"All that is necessary for the triumph of evil is for good men to do nothing" Edmund Burke, 18th century Philospher.


"A long habit of not thinking a thing wrong gives it a superficial appearance of it being right." Thomas Paine


"The welfare of humanity is always the alibi of tyrants." Albert Camus

"Choice is the essence of ethics: if there were no choice there would be no ethics, no good, no evil; good and evil have meaning only insofar as man is free to choose." Margaret Thatcher, March 14, 1977

“It is difficult to get a man to understand something, when his salary depends on his not understanding it.” ― Upton Sinclair



Explaining the Cause

I am a practicing obstetrician who is a strong supporter of patients rights to informed consent and refusal. I believe a patient has the right to choose her own path given true and not skewed informed consent. Following that tenet, just as a woman should be able to choose to have an elective c/section she should be able to choose not to have one, as well. The American system of hospital based obstetric practice has been eroding those choices for women for quite some time. Due to concerns of economics, expediency and fears of litigation women are being coerced to make choices that may not be in their best interest.

I have had a long relationship collaborating with midwives and find the midwifery model of care to be evidenced based and successful. I was well trained at Cedars-Sinai Medical Center in the mid 80's to perform breech deliveries, twin deliveries, operative vaginal deliveries and VBACs, and despite evidence supporting their continued value, hospitals are "banning" these options. Organized medicine is also doing its best to restrict the availability of access to midwives.

Home birthing is not for everyone but informed choice is. Medical ethics dictates that doctors have a responsibility and a fiduciary duty to their patients to provide true, not skewed, informed consent and to respect patient autonomy in decision making. Countries with the best outcomes in birthing have collaboration between doctors and midwives. This is not what has been happening in the hospitals of America. Its time for a change and the return of common sense.

The midwifery model of care supports pregnancy as a normal function of the female body and gives a legitimate and reasonable alternative to the over-medicalized model of birth that dominates our culture. Through this blog I hope to do my part to illuminate what is wrong with our maternity care system and what is right with it. I do not expect all to agree and that is OK. We must all understand that given honest data it is not always reasonable to expect two people to come to the same conclusion. Our differences should be respected.
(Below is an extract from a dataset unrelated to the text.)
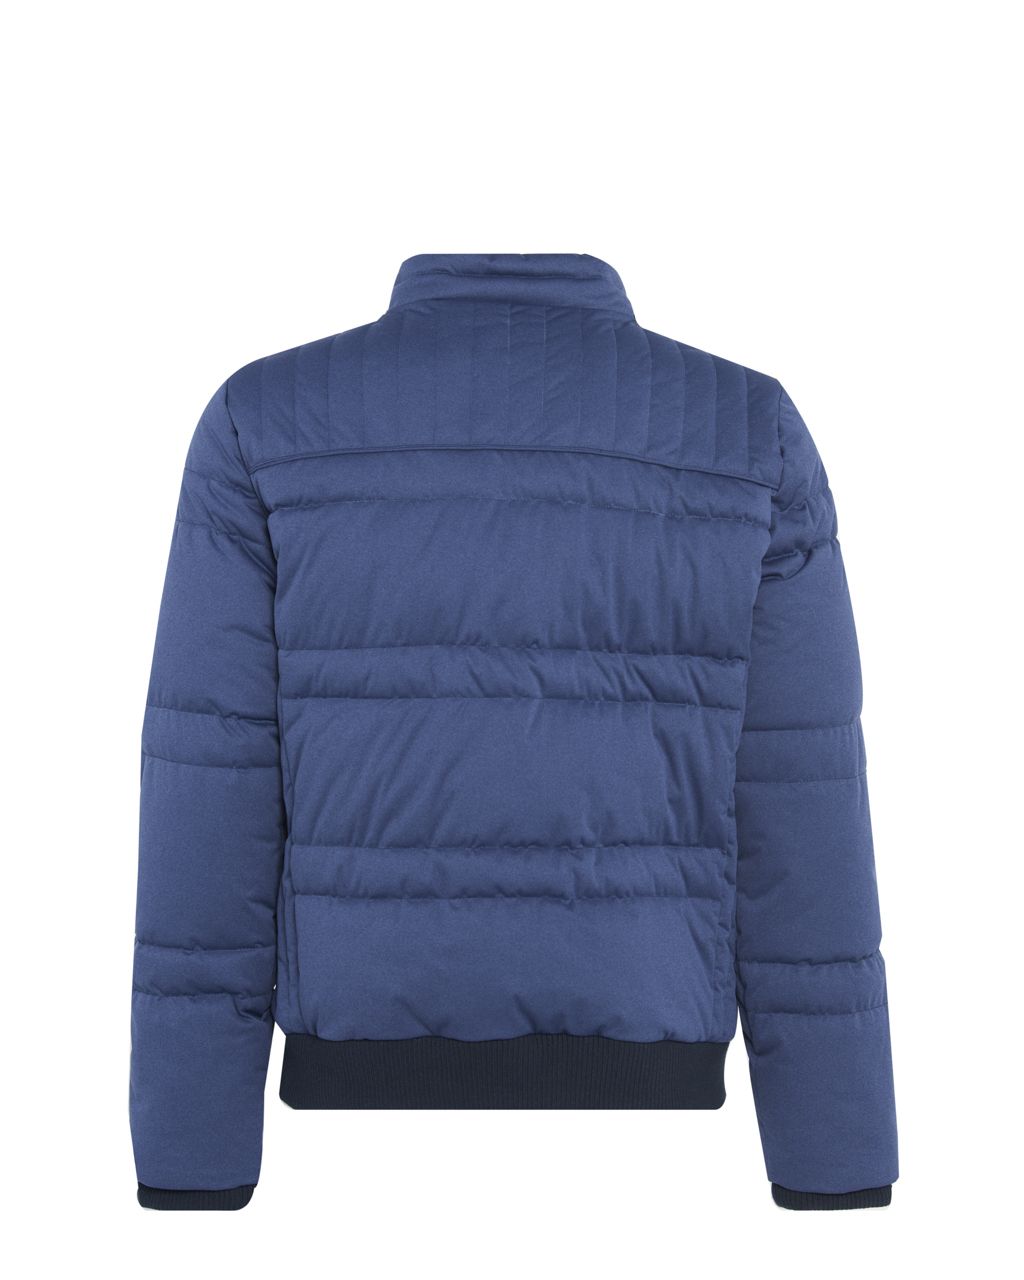 Campbell Classic Winterjas Donkerblauw uni 067740-001-L

Thursday, November 19, 2009

Mid November Update

Several weeks have passed and nothing new on the breech privilege front. I have patiently waited for the promised formation of a committee to discuss a breech protocol at my 2 hospitals. I have e-mails from September telling me the chairman would be in touch with me shortly. Well, at yesterdays OB Department meeting I did present my breech protocol and again reminded the chairman of the importance of addressing this issue. Patient's deserve the choice. We shall see how soon a meeting is set up.
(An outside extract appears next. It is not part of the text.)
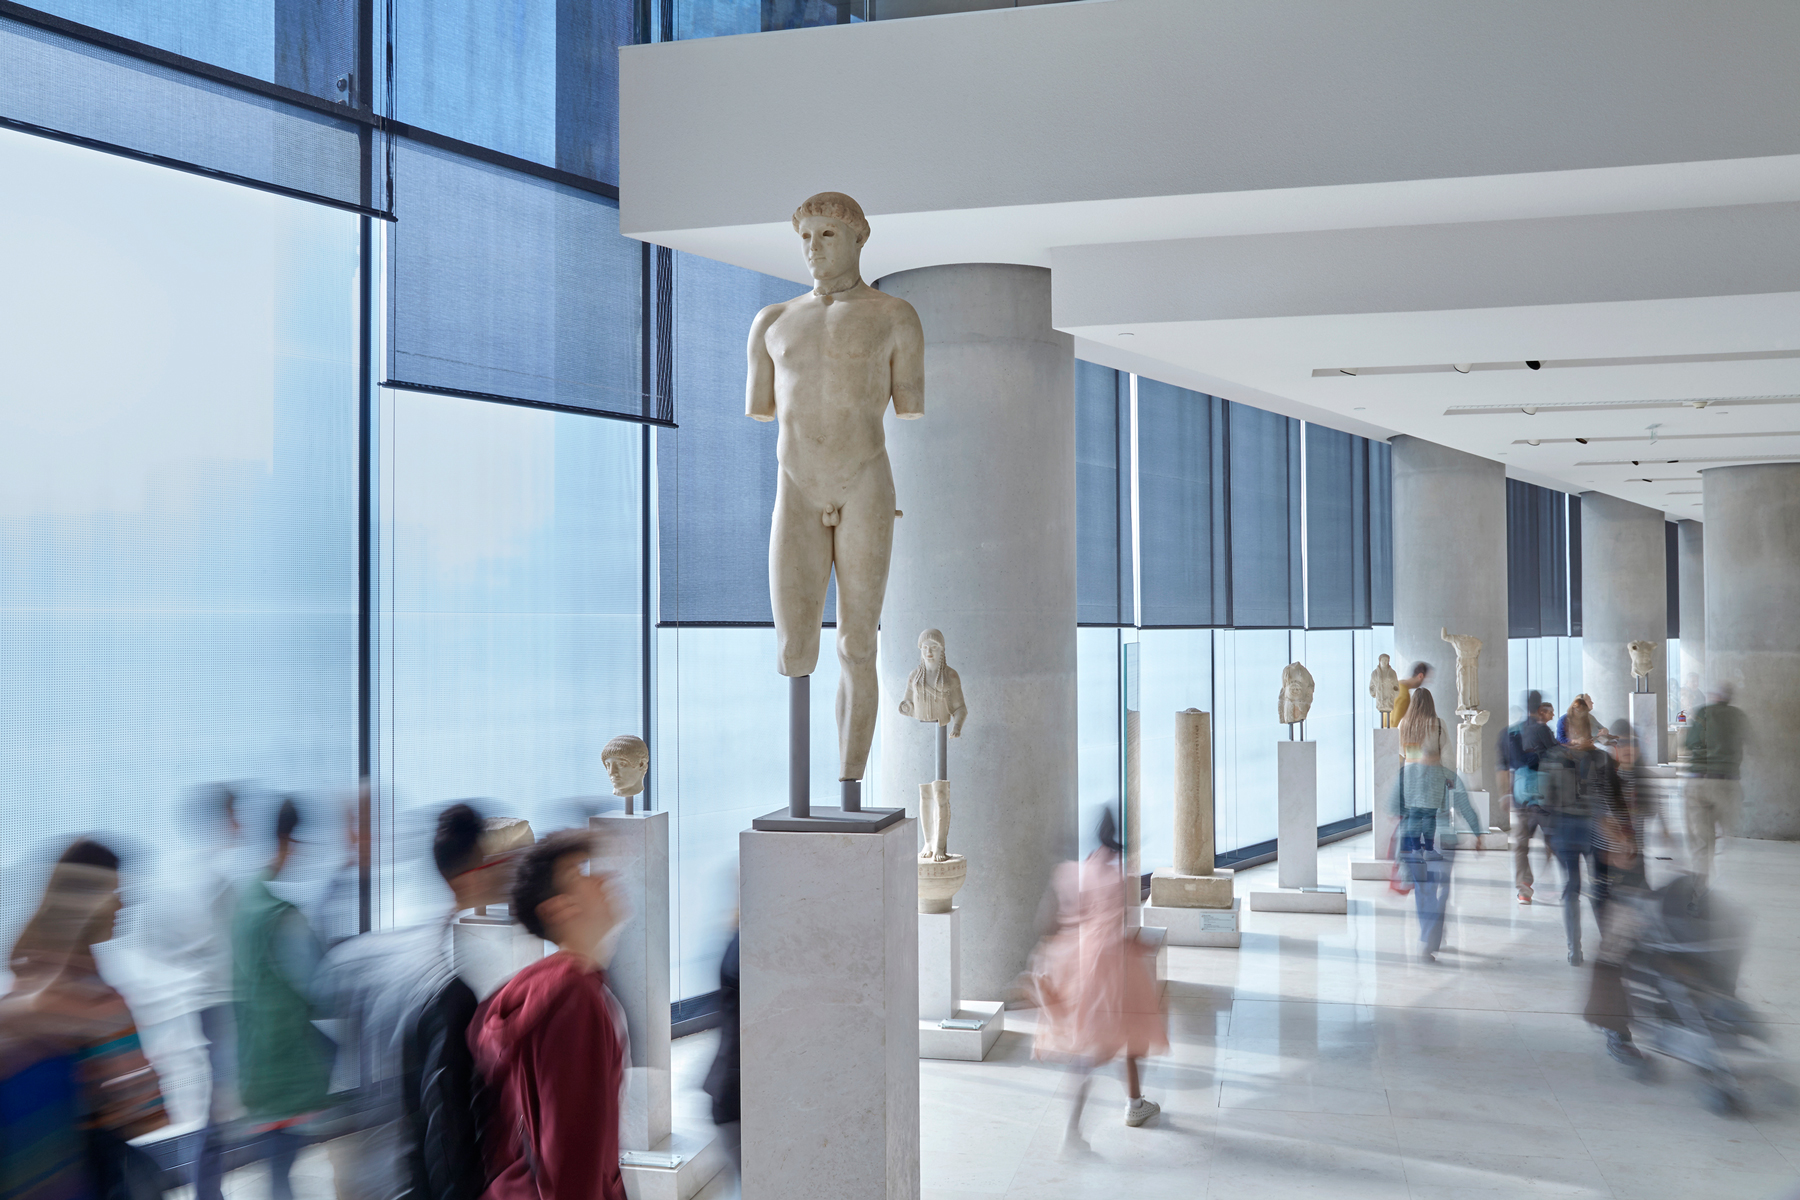 Μουσείο Ακρόπολης: Με δωρεάν είσοδο γιορτάζει την Ευρωπαϊκή Νύχτα και τη Διεθνή Ημέρα Μουσείων

I was interviewed by a writer from the Washington Post this week. She is doing a story on breech deliveries. She was introduced to me by Robin Guy, from the Coalition for Breech Birth in Ottawa, Canada. I will link the story when it comes out. She was very interested in what has happened at my hospitals and the process, or lack of process, that led to the banning of elective breech deliveries.

A group I have put together continues to research the options for a free standing maternity center. A place where the midwifery model of care and patient choice can occur free from the encumbrances of modern day hospitals. We are very excited about the project and have a highly motivated group. Anyone with any thoughts or suggestions feel free to contact me or Amy Tinney.
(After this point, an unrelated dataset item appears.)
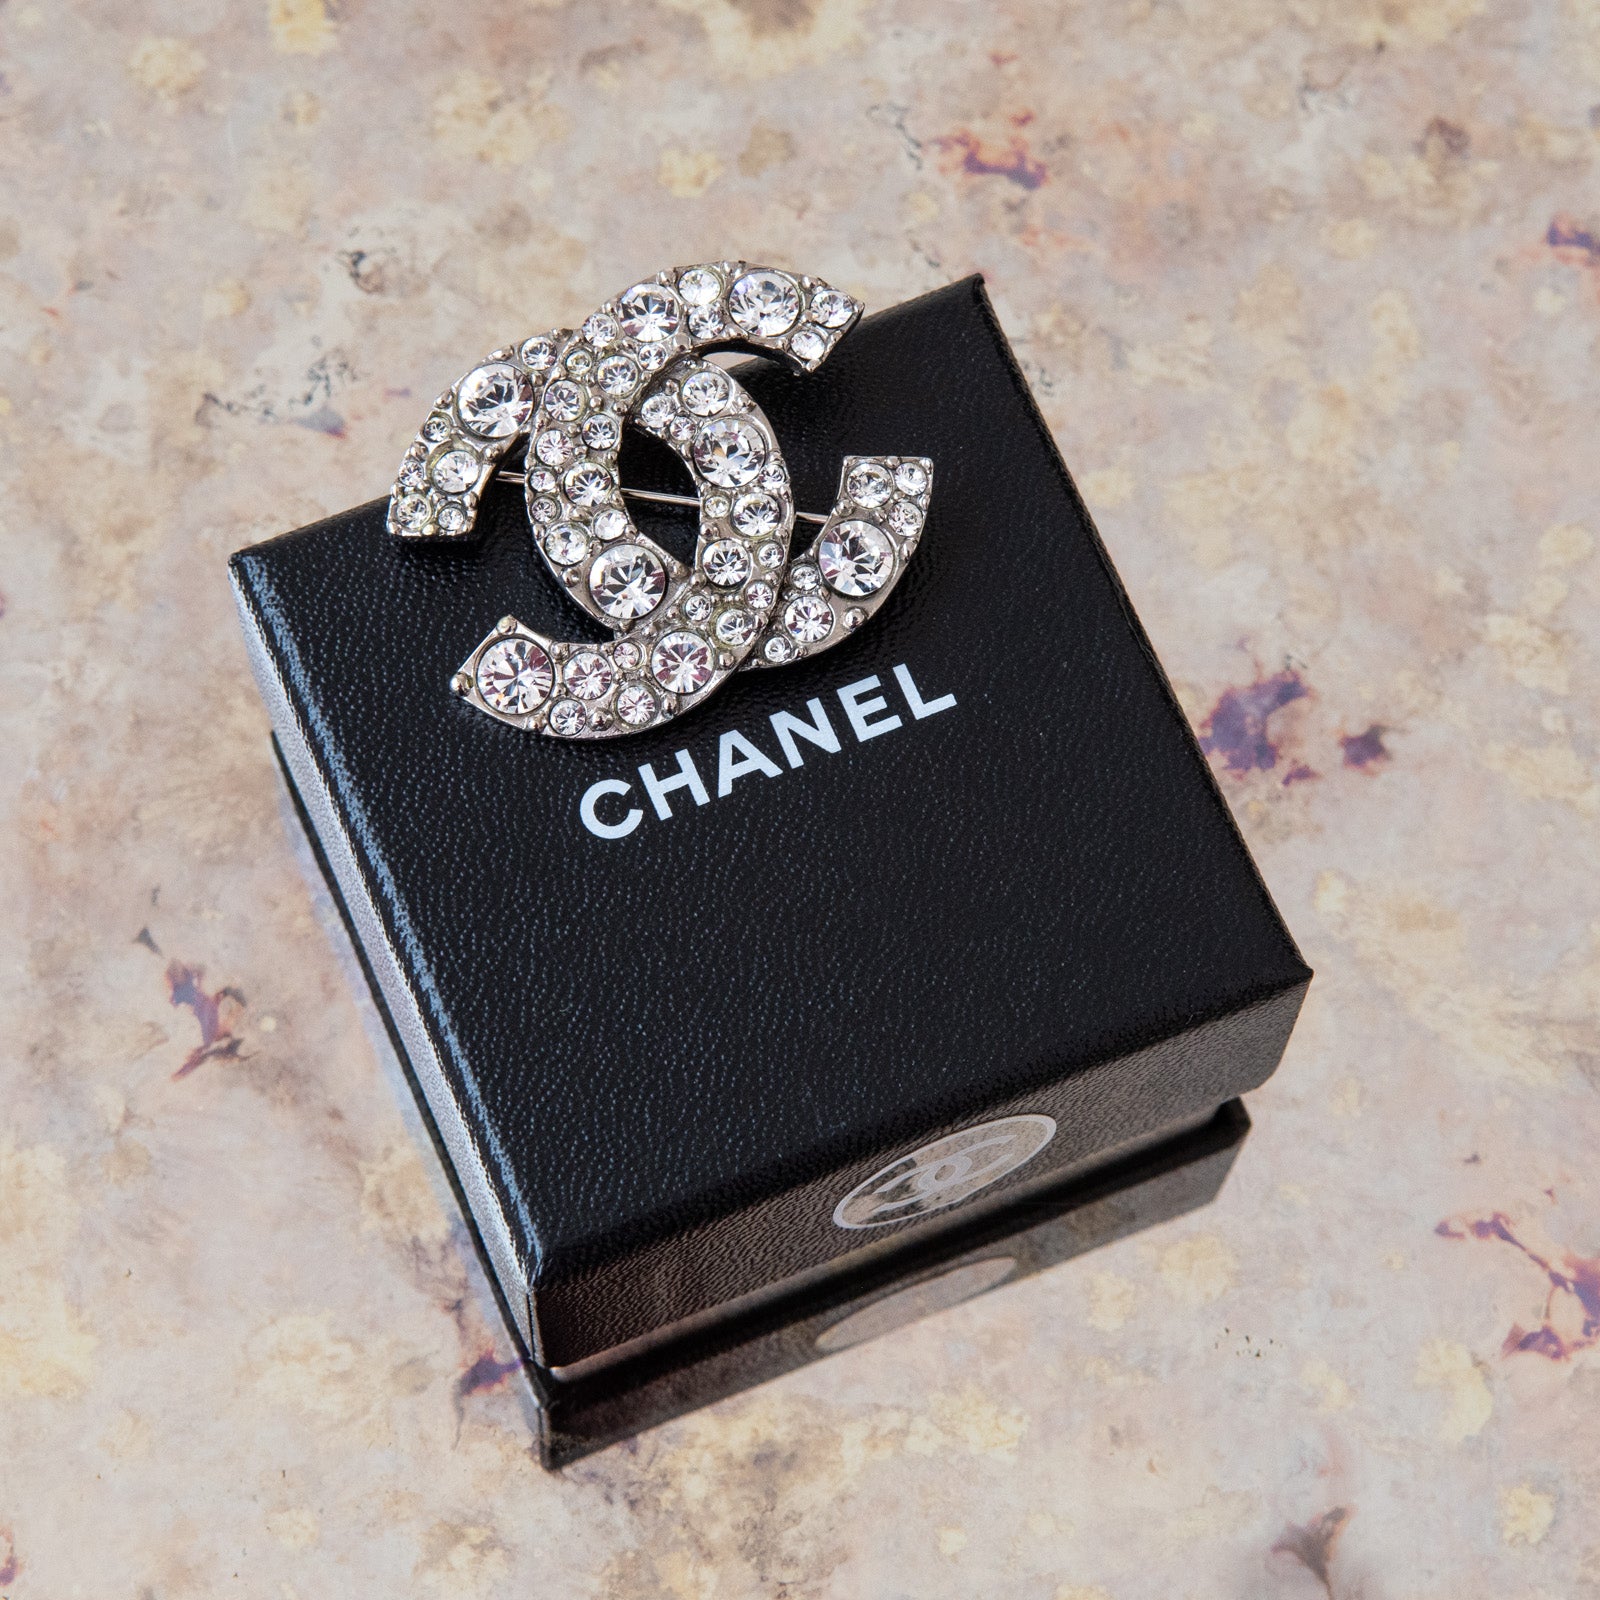 Chanel Diamante Brooch - Image 5 of 6

I will be going to Washington, DC again on December 9th for less than 12 hours to meet with our California Senators. I was asked by Docs4patientcare to lobby for reason and sanity in the healthcare debate. I plan to focus on just a couple of key points including the value of midwifery and the need for less special interest regulation that stifles innovative ideas that would lower cost and improve outcomes. There is so much about the massive health care bills circulating in the Senate and House that is just plain wrong that I don't even know where to start. So I will concentrate on just a couple of things. I am honored to go to represent the patient and practicing doctor. I have no delusion that anyone will actually listen but try, I must.

To all, a peaceful and loving Thanksgiving holiday. Stuart

Sunday, November 8, 2009

AARP and the House Bill

Those of you who know me know that I am fervently against the house bill on "health care reform" that apparently passed yesterday. This abomination of a piece of mutating legislation that no one has read and no one understands has been called by the Wall Street Journal editorial page as "one of the worst pieces of legislation in American history". If you are not well informed on this issue please consider checking out www.docs4patientcare.org and soon because it will negatively alter the basic nature of America . For the determination of Congress and the President to just do something, no matter if it makes no sense, is cost prohibitive, destructive to patient care and decried by the majority of Americans, should be frightening and maddening to all of us.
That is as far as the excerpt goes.